━━━ Data for the task

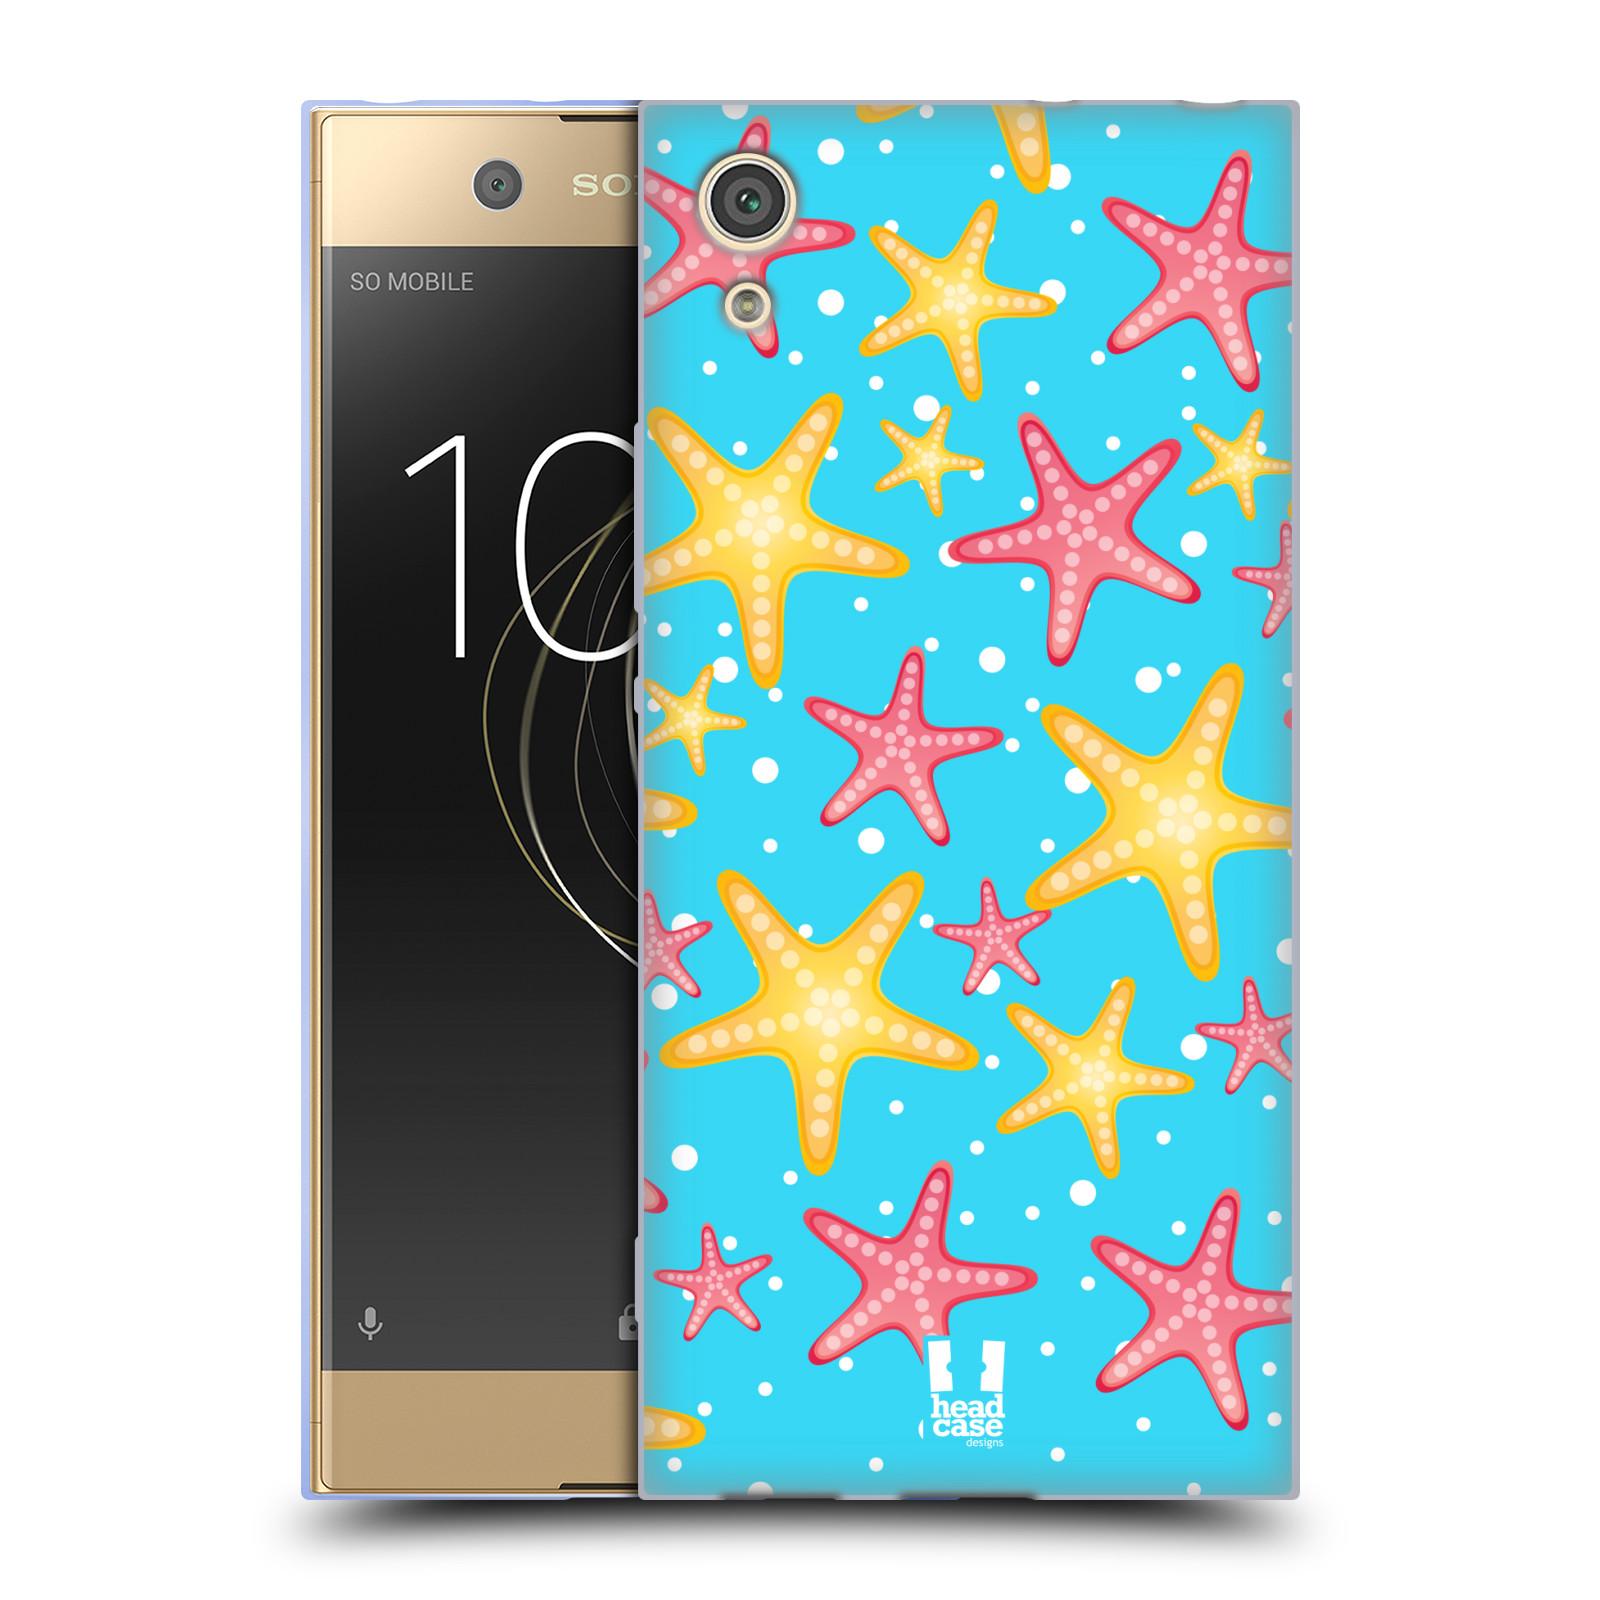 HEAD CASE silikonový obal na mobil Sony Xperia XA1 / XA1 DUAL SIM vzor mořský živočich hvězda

━━━━━━
━━━ Data for the task

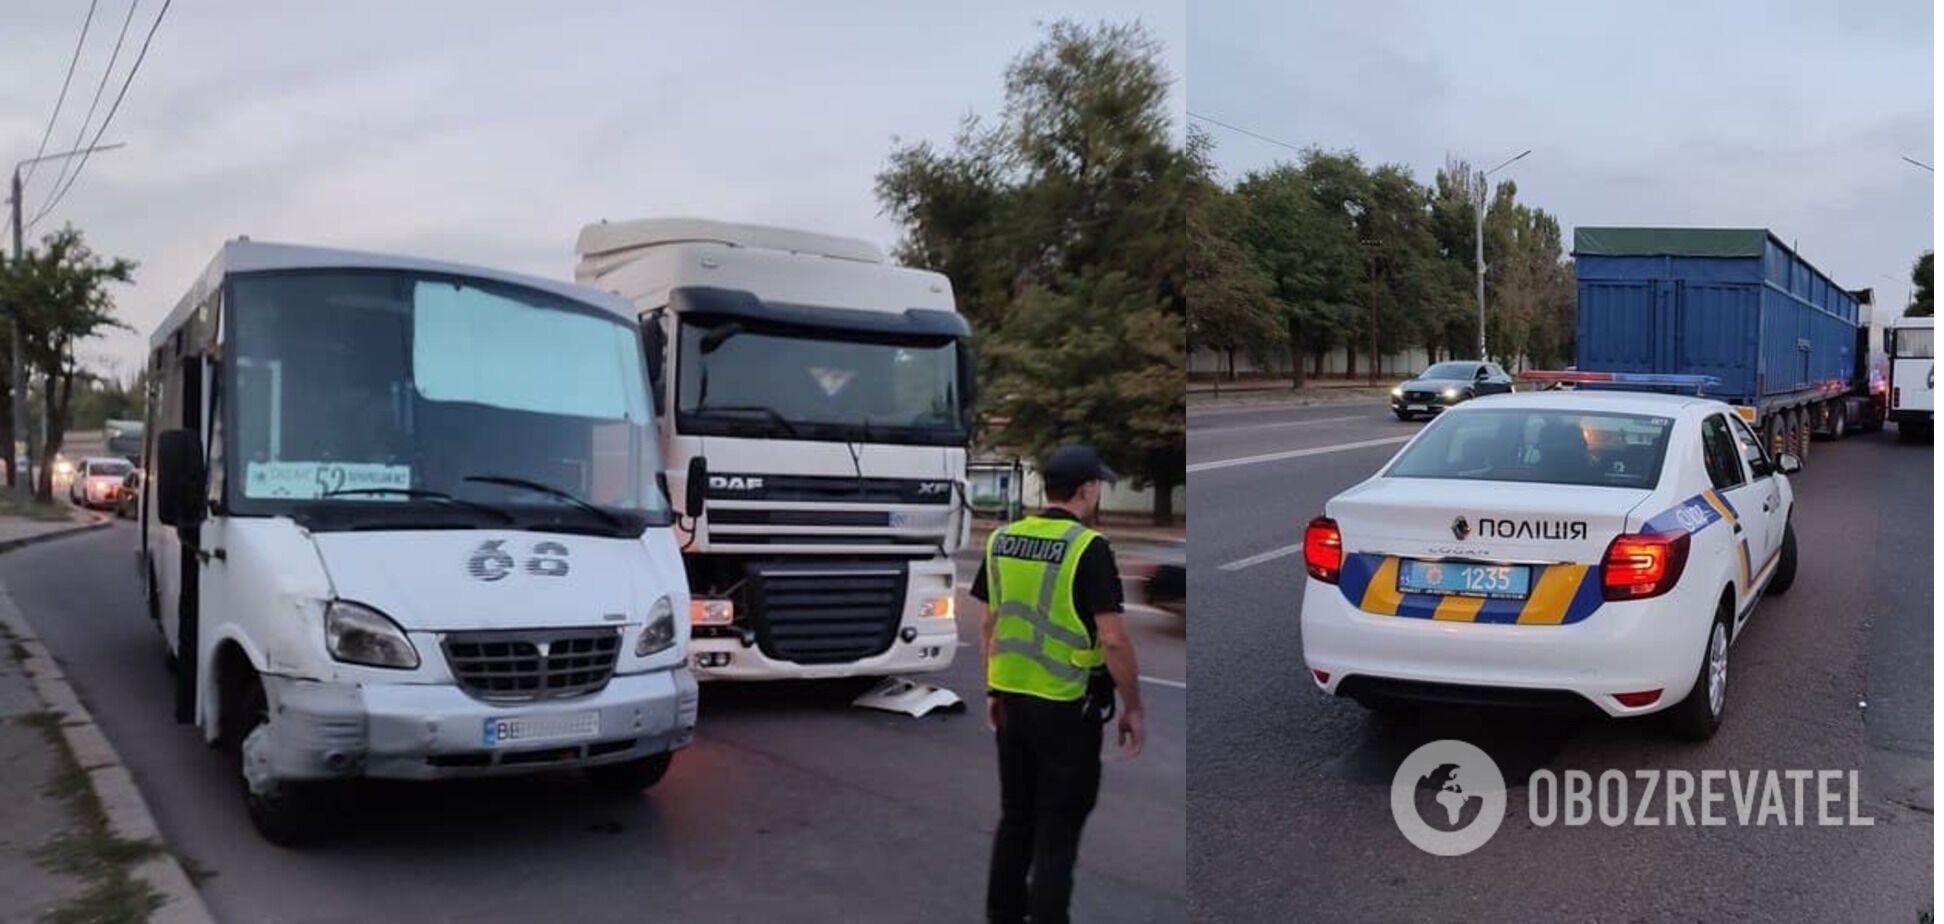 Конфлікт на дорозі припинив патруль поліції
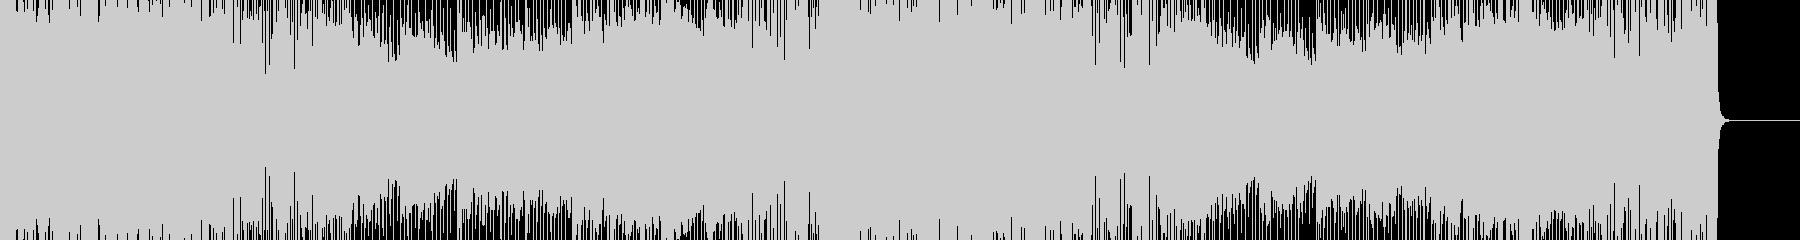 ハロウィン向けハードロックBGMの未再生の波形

━━━━━━

→ **Try it**: Above are the records; return the lines in them from the one with "Конфлікт на дорозі припинив патруль поліції" to the one with "ハロウィン向けハードロックBGMの未再生の波形", inclusive, exactly and without images.

→ **Completed exercise**:
 Конфлікт на дорозі припинив патруль поліції
 ハロウィン向けハードロックBGMの未再生の波形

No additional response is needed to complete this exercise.